While on the field the game is thriving in the Emirates, the country’s mounting economic concerns are having a huge knock-on effect off the pitch.
Sponsorships are drying up because companies are increasingly tightening their belts, while pitch hire fees continue to sky rocket to astronomical levels. And whereas there has always and will continue to be a myriad of players switching allegiances during the off-season, clubs are finding it harder to keep hold of star names as rivals dangle carrots that are increasingly difficult to match.
Sponsoring rugby events and teams in the UAE has and continues to be big business. The Dubai Sevens is backed by HSBC, while Dubai Exiles swapped one brand giant for another last year when Porsche replaced Canterbury as their principal jersey sponsor.

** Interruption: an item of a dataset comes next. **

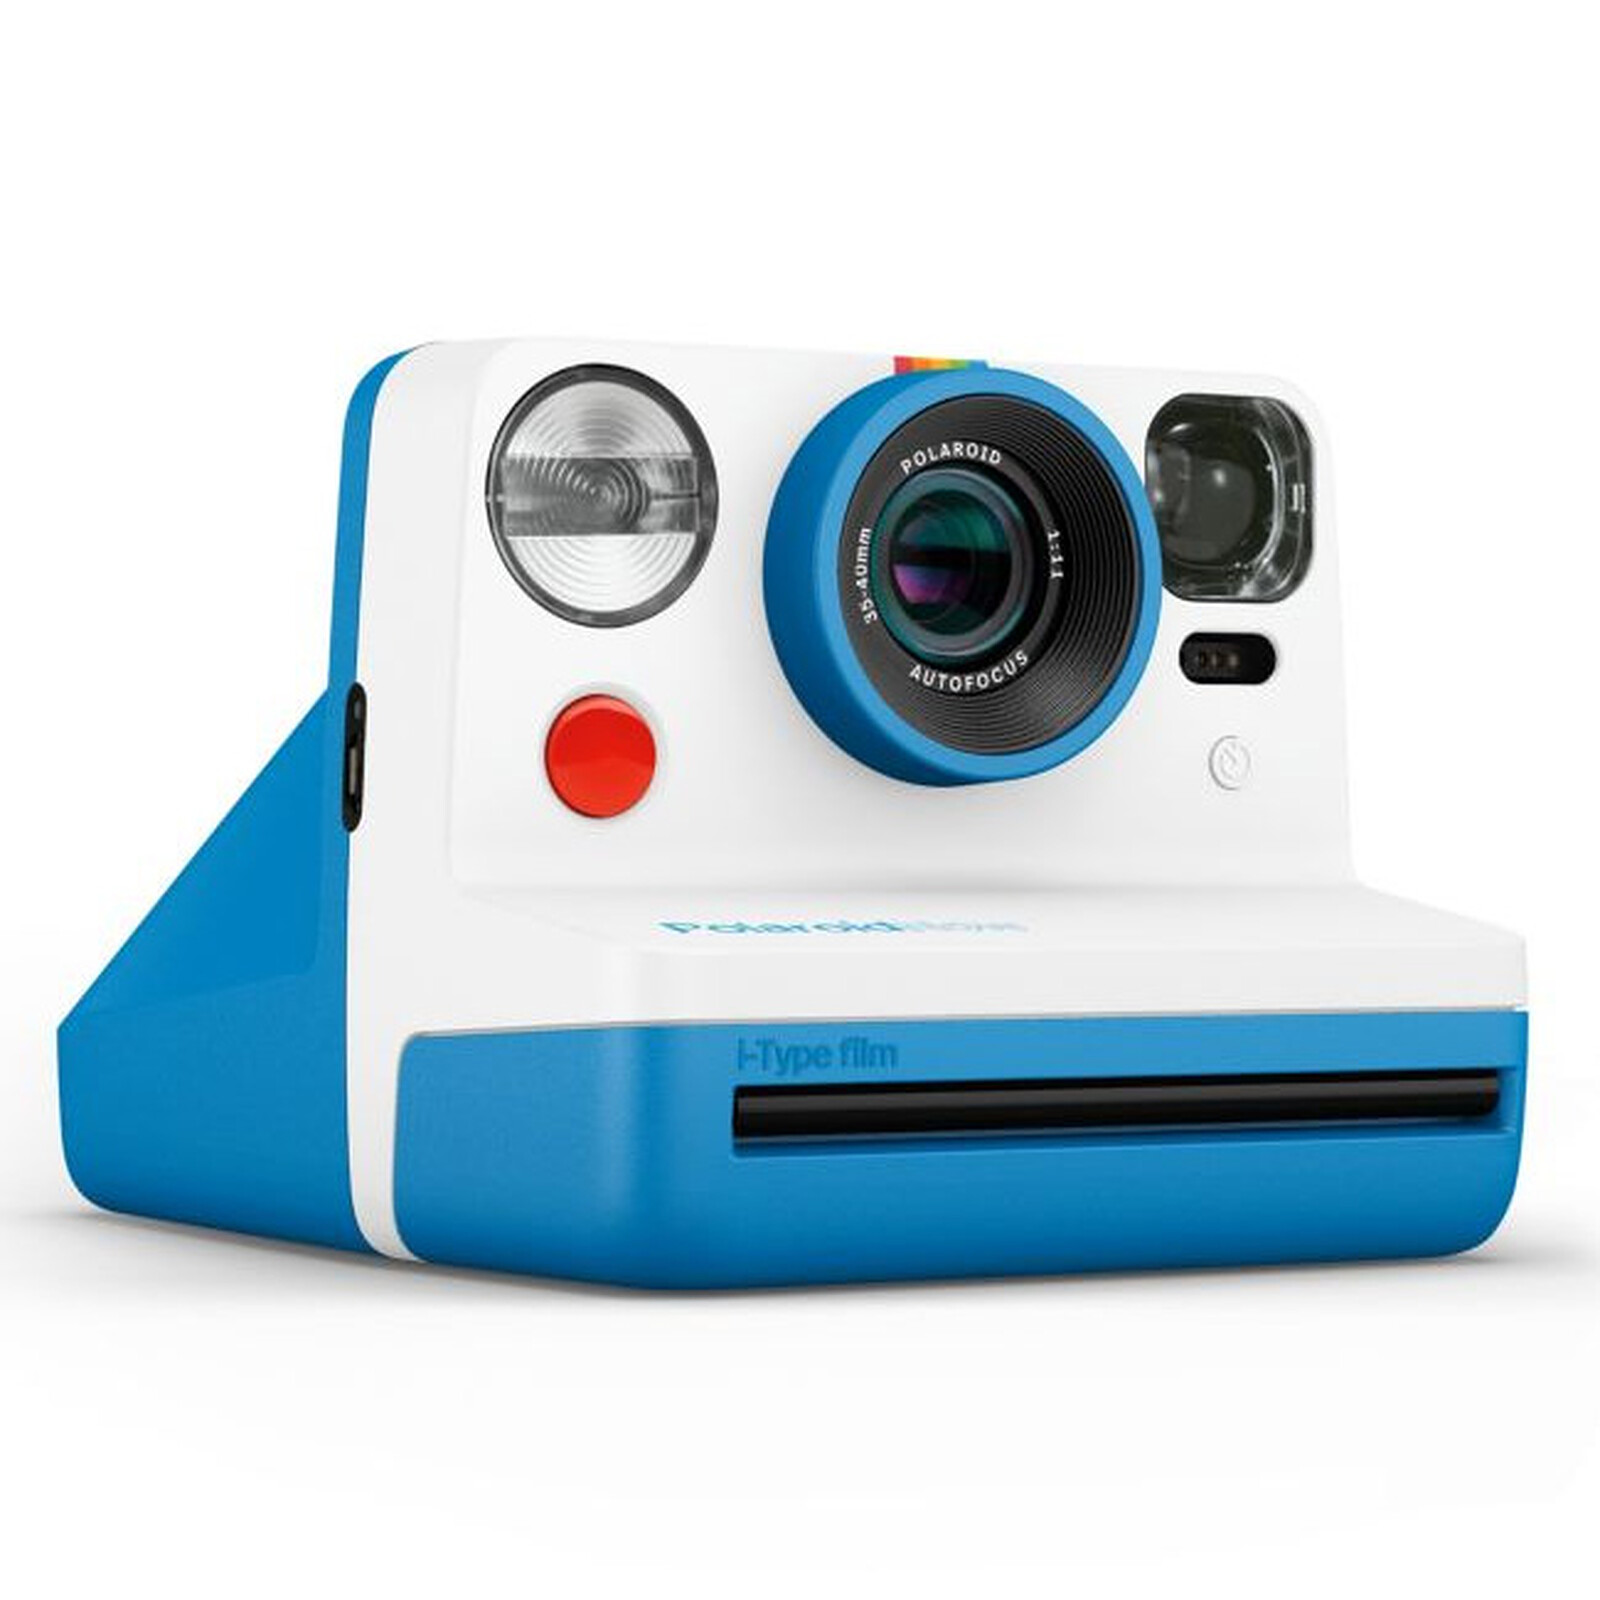 Polaroid ora blu - Fotocamera istantanea - Garanzia 3 anni LDLC

Three seasons ago the majority of Dubai-based clubs played for free at The Sevens as part of their participation in the UAE Premiership or Conference. Now, second-tier clubs fork out in the region of Dh6,000 per game for pitch hire, a post-match meal and one drink per player.
It’s not as if the oil price crash the country is currently gripped by has affected only small fry like Wasps though. It shows no favourtism, with last year’s leading lights, Abu Dhabi Harlequins, falling foul of faltering finances.
The club has this summer lost long-time backer Etihad Airways, meaning it could be forced to pull the plug on its regionally renowned youth tournament next season, while as it stands, 3,000 playing and training jerseys and vests will be arriving without a main sponsor.
The club parted with Dh773,000 last season for 1,104 hours of use of its home field at Zayed Sports City – which advertises a full pitch for hire at Dh750 per session.
Exiles, meanwhile, are set to cut all post-match meals for players next season after spending Dh65,000 last season.
Yet, while every team is floundering to stay afloat, the action and athletes on the field continue to flourish.
The standard of the UAE and West Asia Premiership has visibly increased each year, with Apollo Perelini picking his UAE squad for this year’s Asia Rugby Championship exclusively from the top division for the first time.
The UAE are ranked 72nd by World Rugby – the highest they have been since joining in December 2012 – which is testament to the growing standard of the game here.
Yet, the success on the green and gold pitches of grass and sand goes hand in hand with the growing distress off it, with clubs increasingly being driven into the red.
It can’t continue like this. If clubs like Wasps wilt and die, it won’t be long before others and the game in general gets stung too.